Problem requirements ▸ Please transcribe the data that follows exactly as given, leaving out every picture.

Recorded data ▸
=== Section Start ===

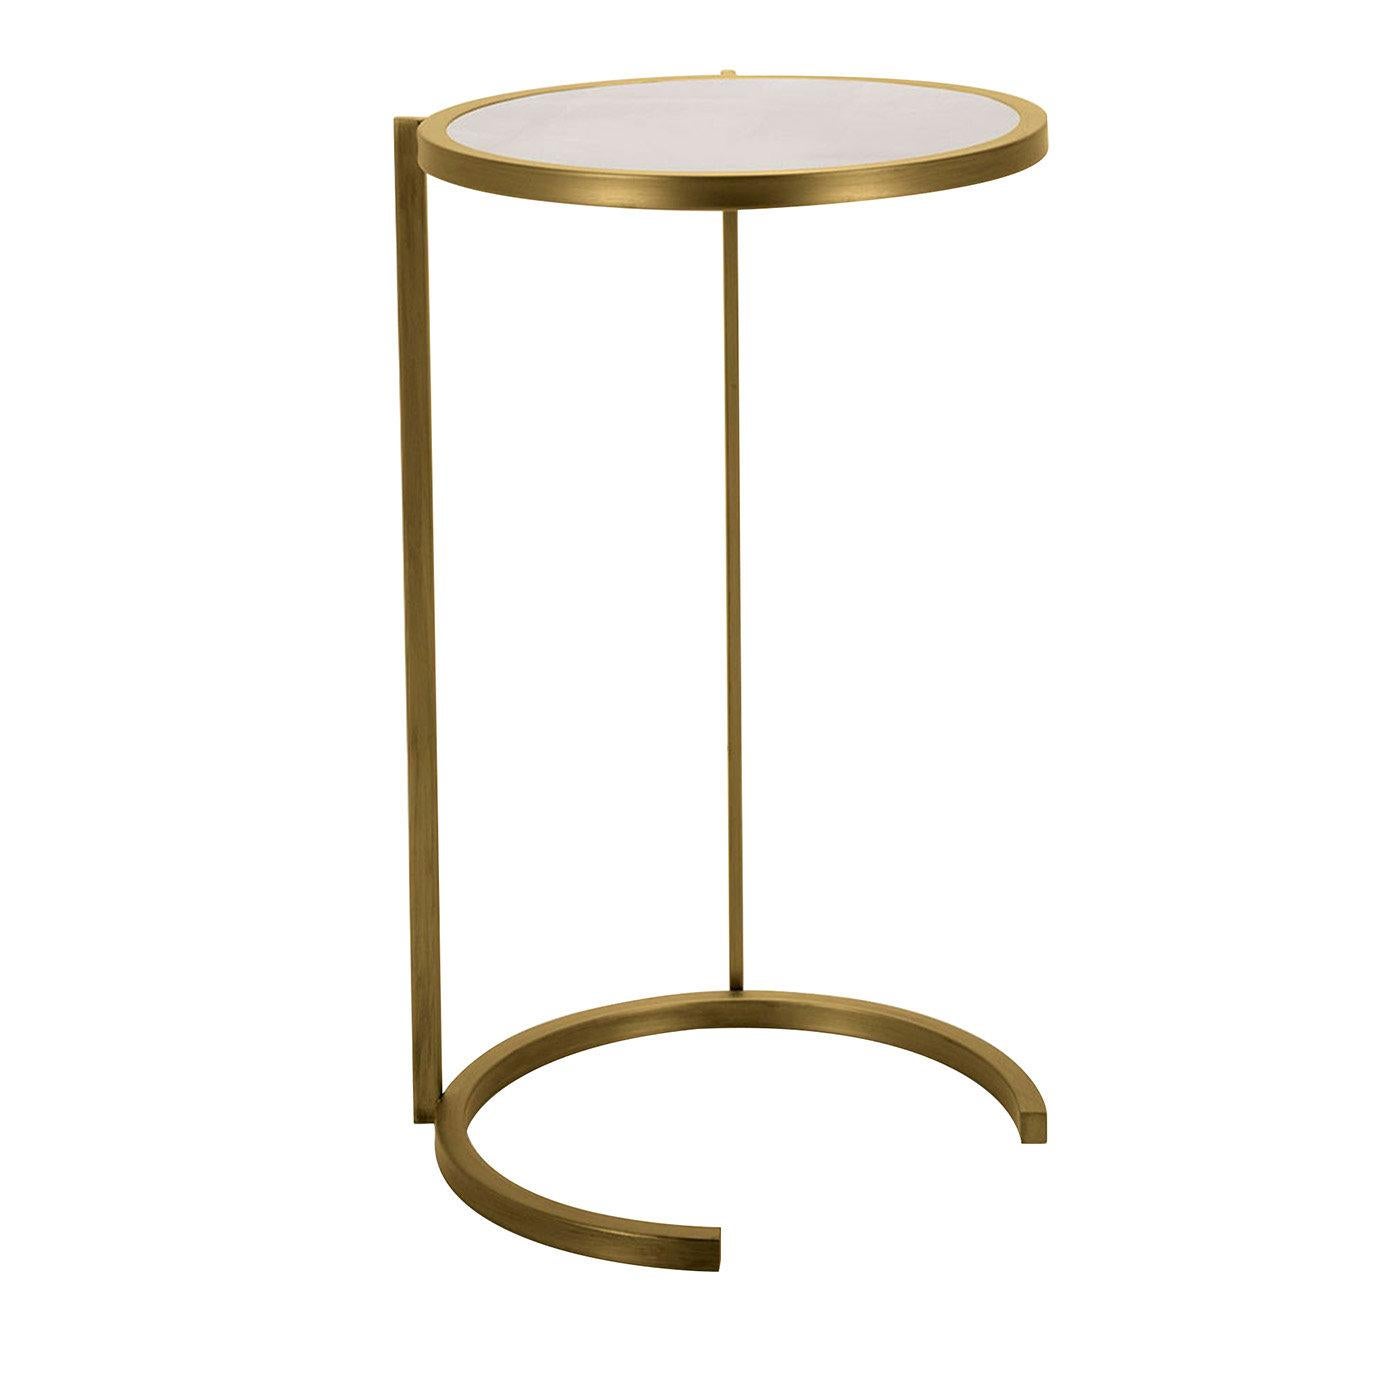 This graceful, handcrafted accent table inspired by Thetis - Greek goddess of seas and metamorphoses - is a harmonious combination of shaded finishes and delicately rounded silhouettes. The airy metal frame with a burnished brass finish develops
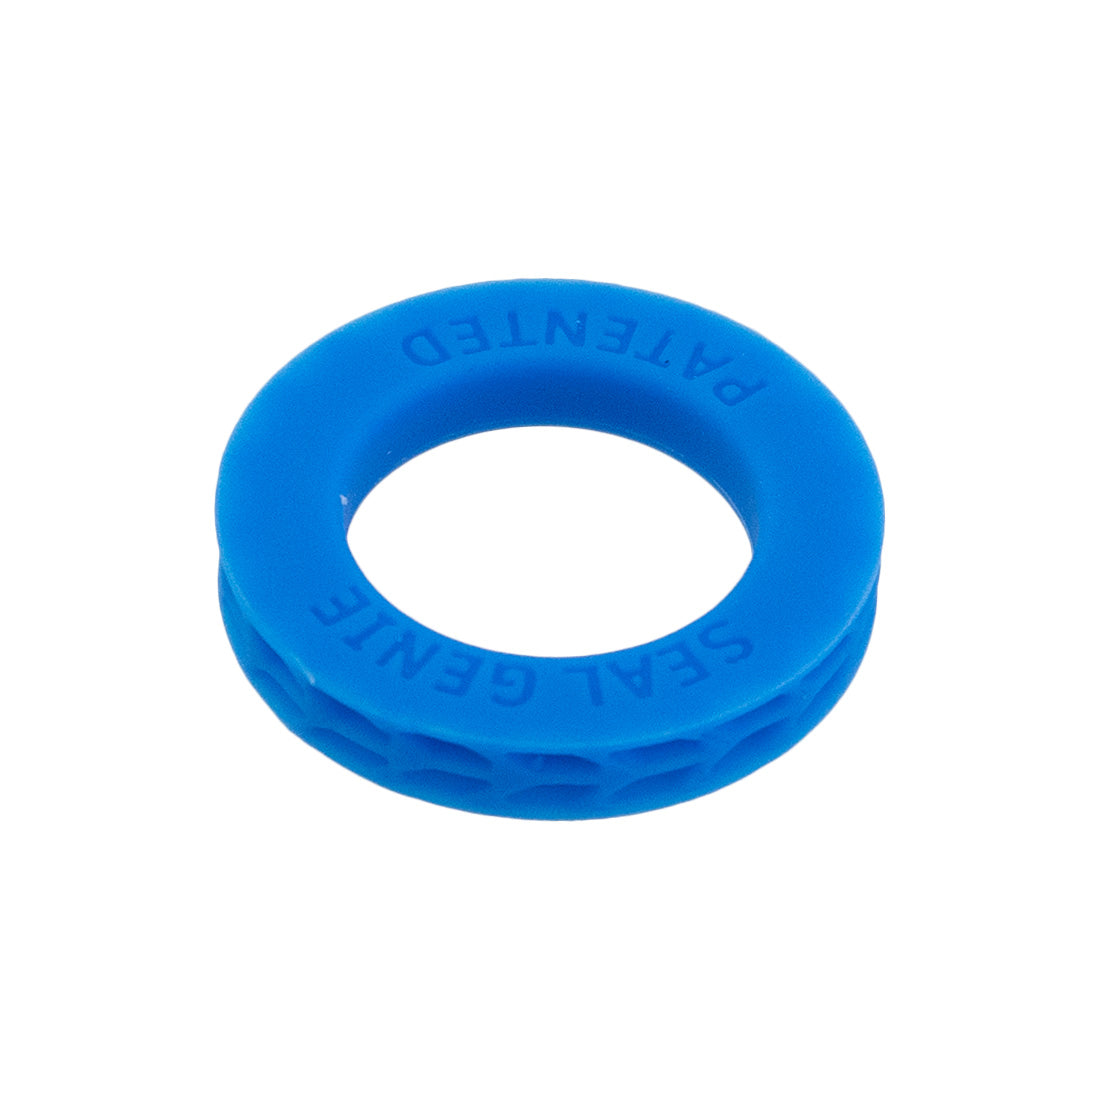 Seal Genie Silicone Hose Gasket - Pack of 10 Side Oblique View
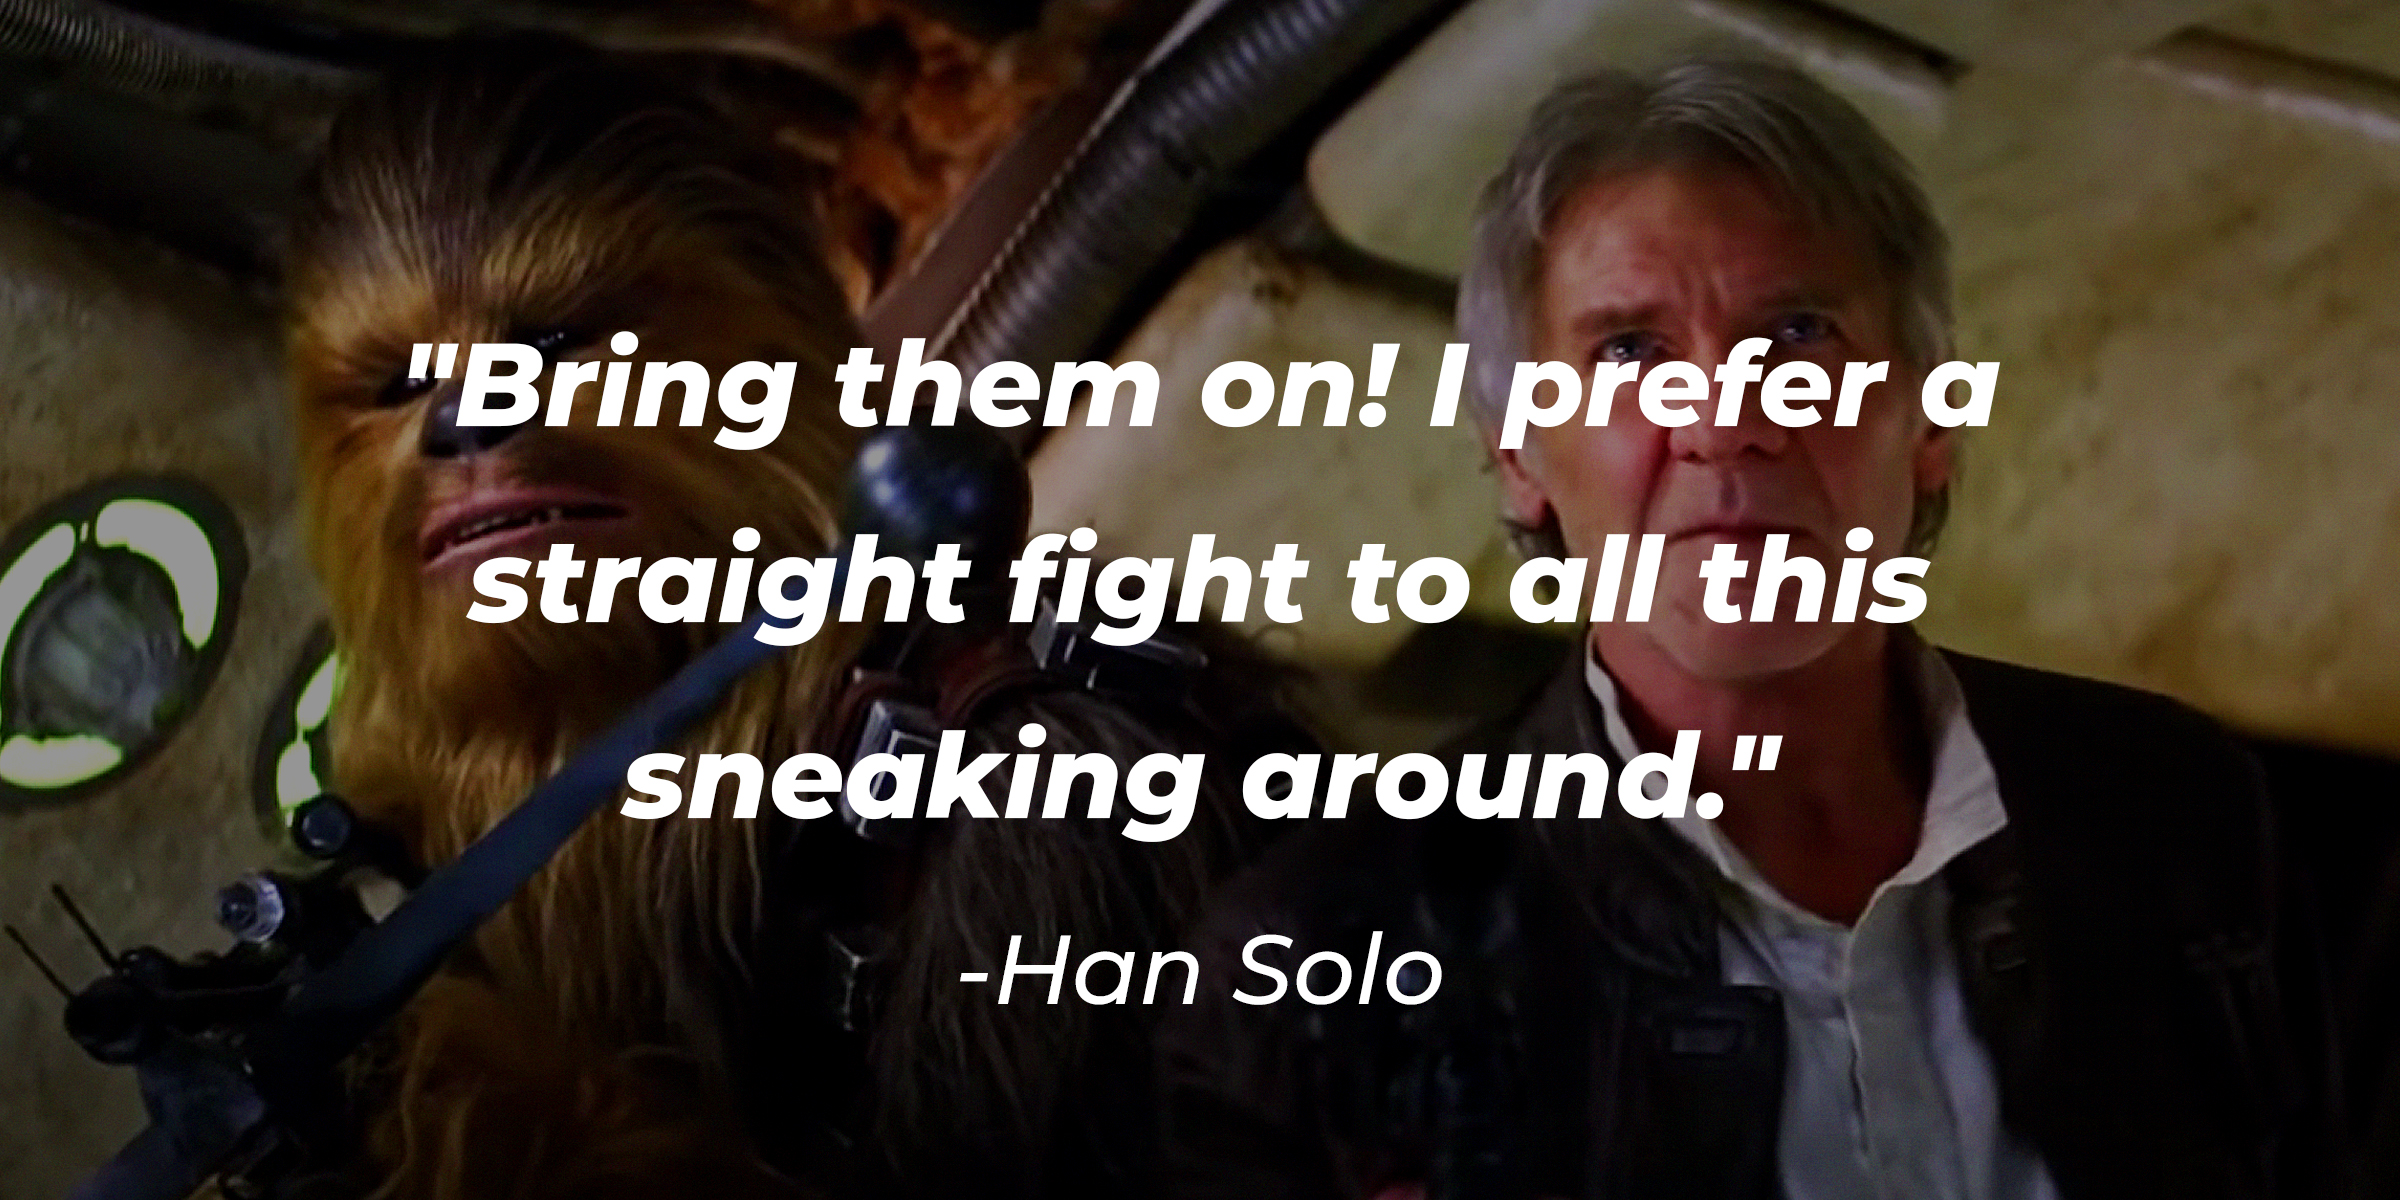 Han Solo’s quote: "Bring them on! I prefer a straight fight to all this sneaking around." | Source: Facebook/StarWars

=== Section End ===

Completed task ▸
 This graceful, handcrafted accent table inspired by Thetis - Greek goddess of seas and metamorphoses - is a harmonious combination of shaded finishes and delicately rounded silhouettes. The airy metal frame with a burnished brass finish develops
 Seal Genie Silicone Hose Gasket - Pack of 10 Side Oblique View
 Han Solo’s quote: "Bring them on! I prefer a straight fight to all this sneaking around." | Source: Facebook/StarWars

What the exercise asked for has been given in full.